Copy out the full listing below as it stands, with its pictures left behind.

§ Information supplied
------------------------------------------------

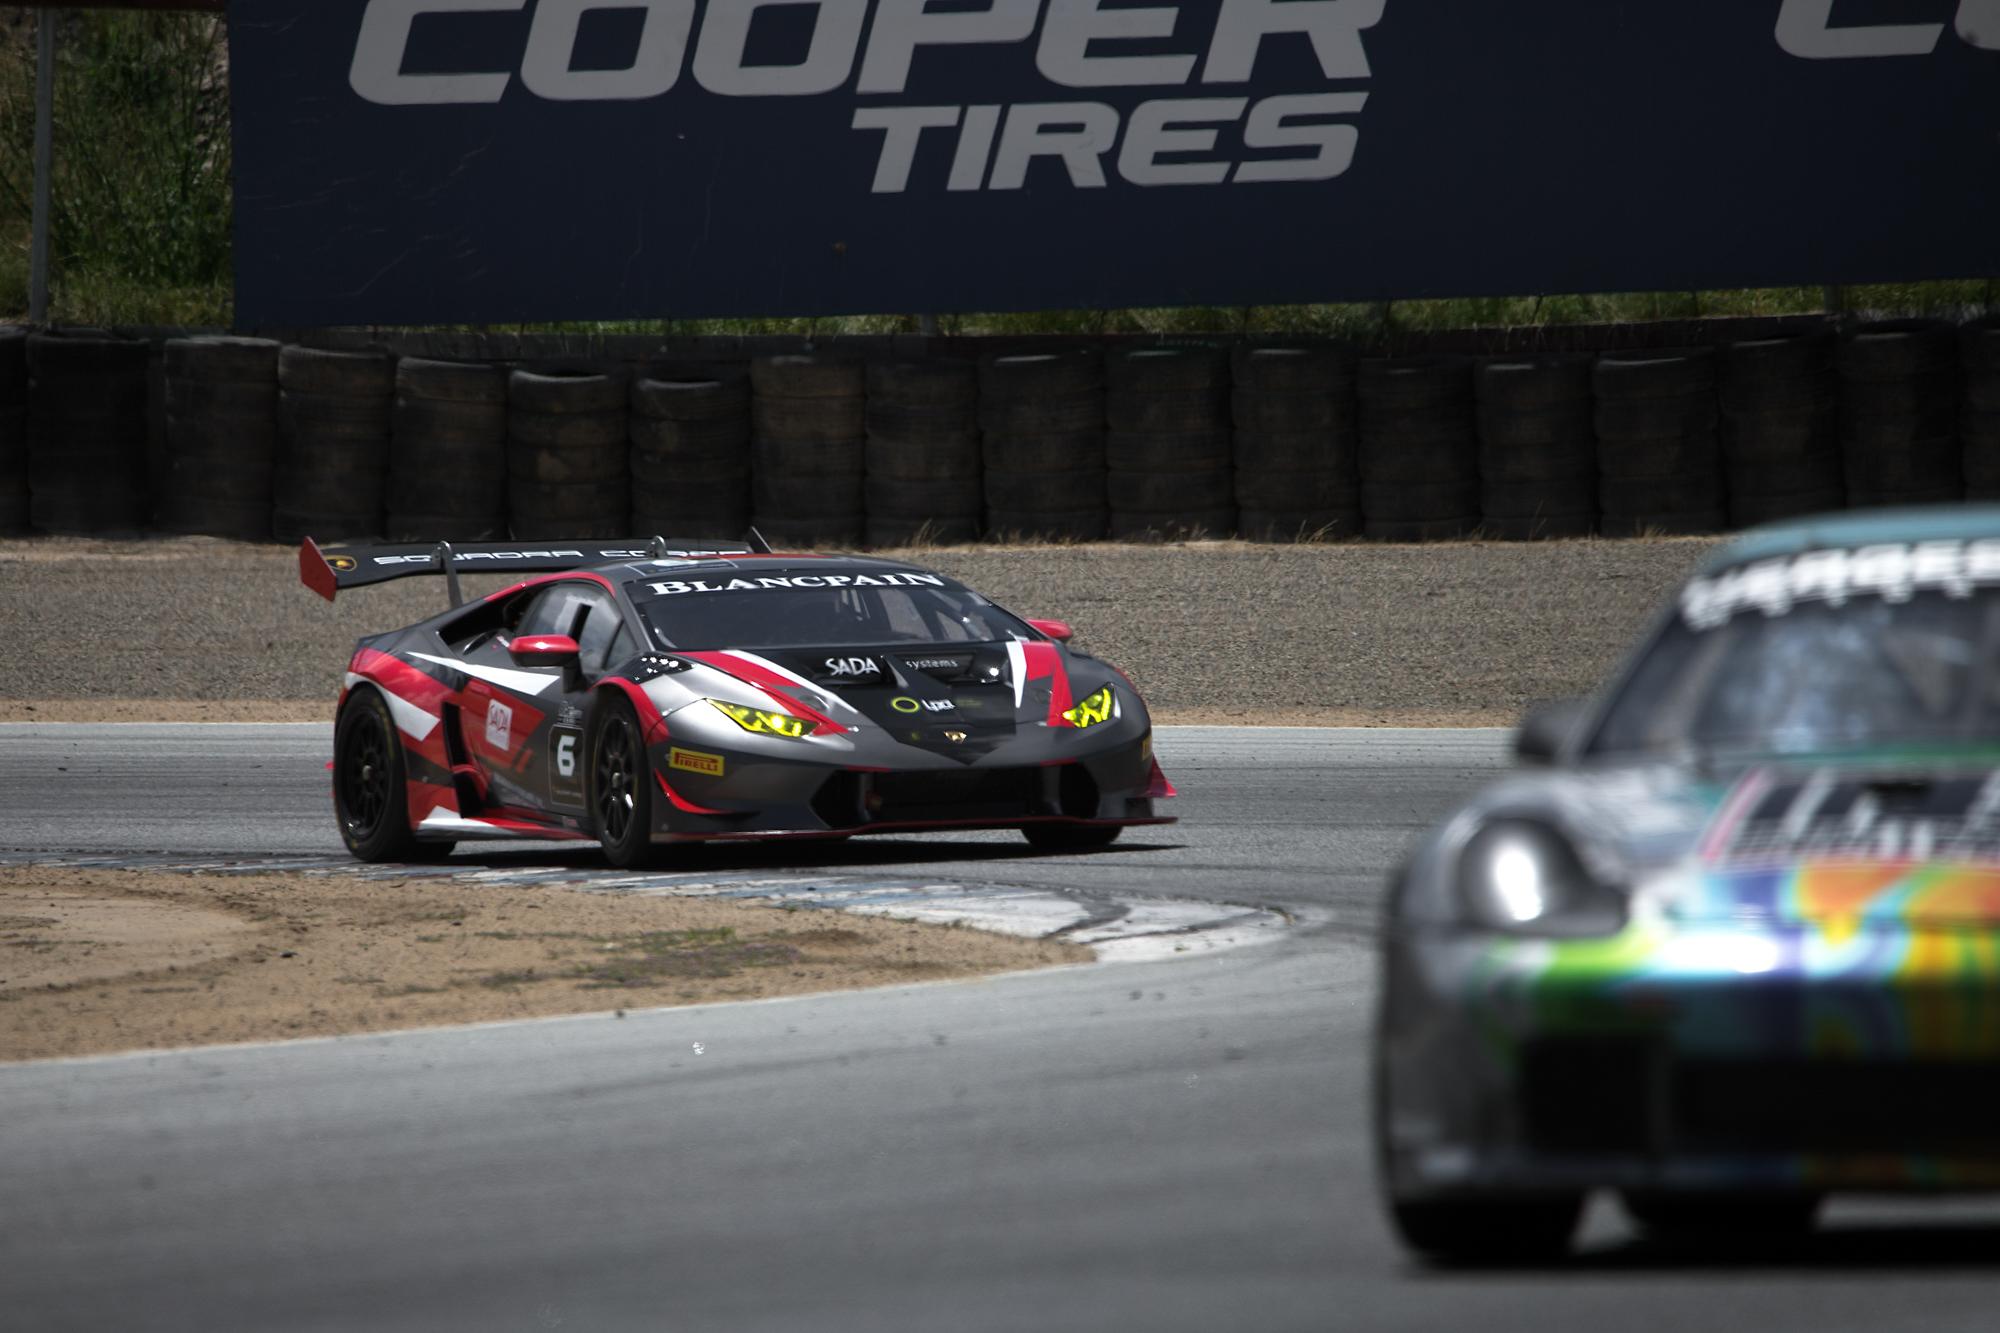 Steven-Racing-Laguna-20180531-96194.jpg
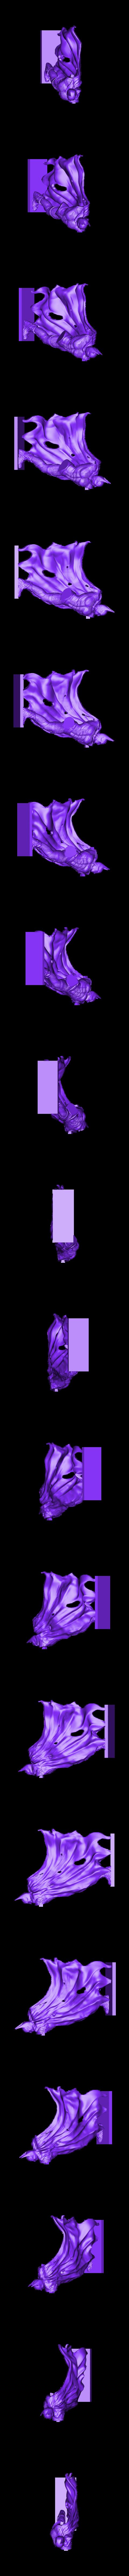 Body.stl Download OBJ file BATMAN Battle Pose • 3D print template, tolgaaxu
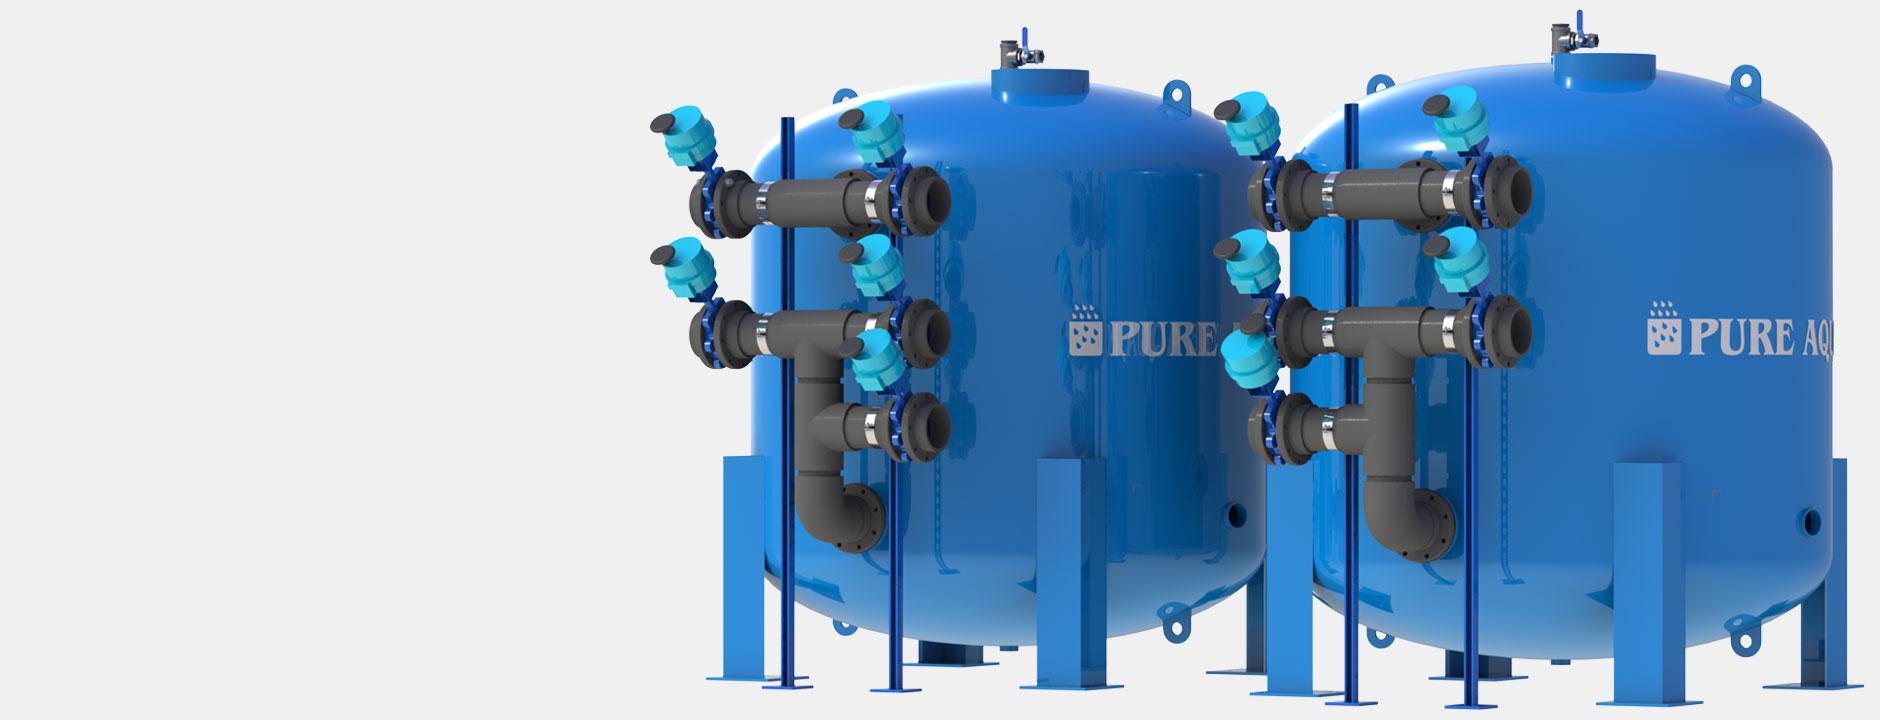 water media filters systems أنظمة تنقية المياه الصناعية و التجارية

------------------------------------------------

§ Written answer
 Steven-Racing-Laguna-20180531-96194.jpg
 Body.stl Download OBJ file BATMAN Battle Pose • 3D print template, tolgaaxu
 water media filters systems أنظمة تنقية المياه الصناعية و التجارية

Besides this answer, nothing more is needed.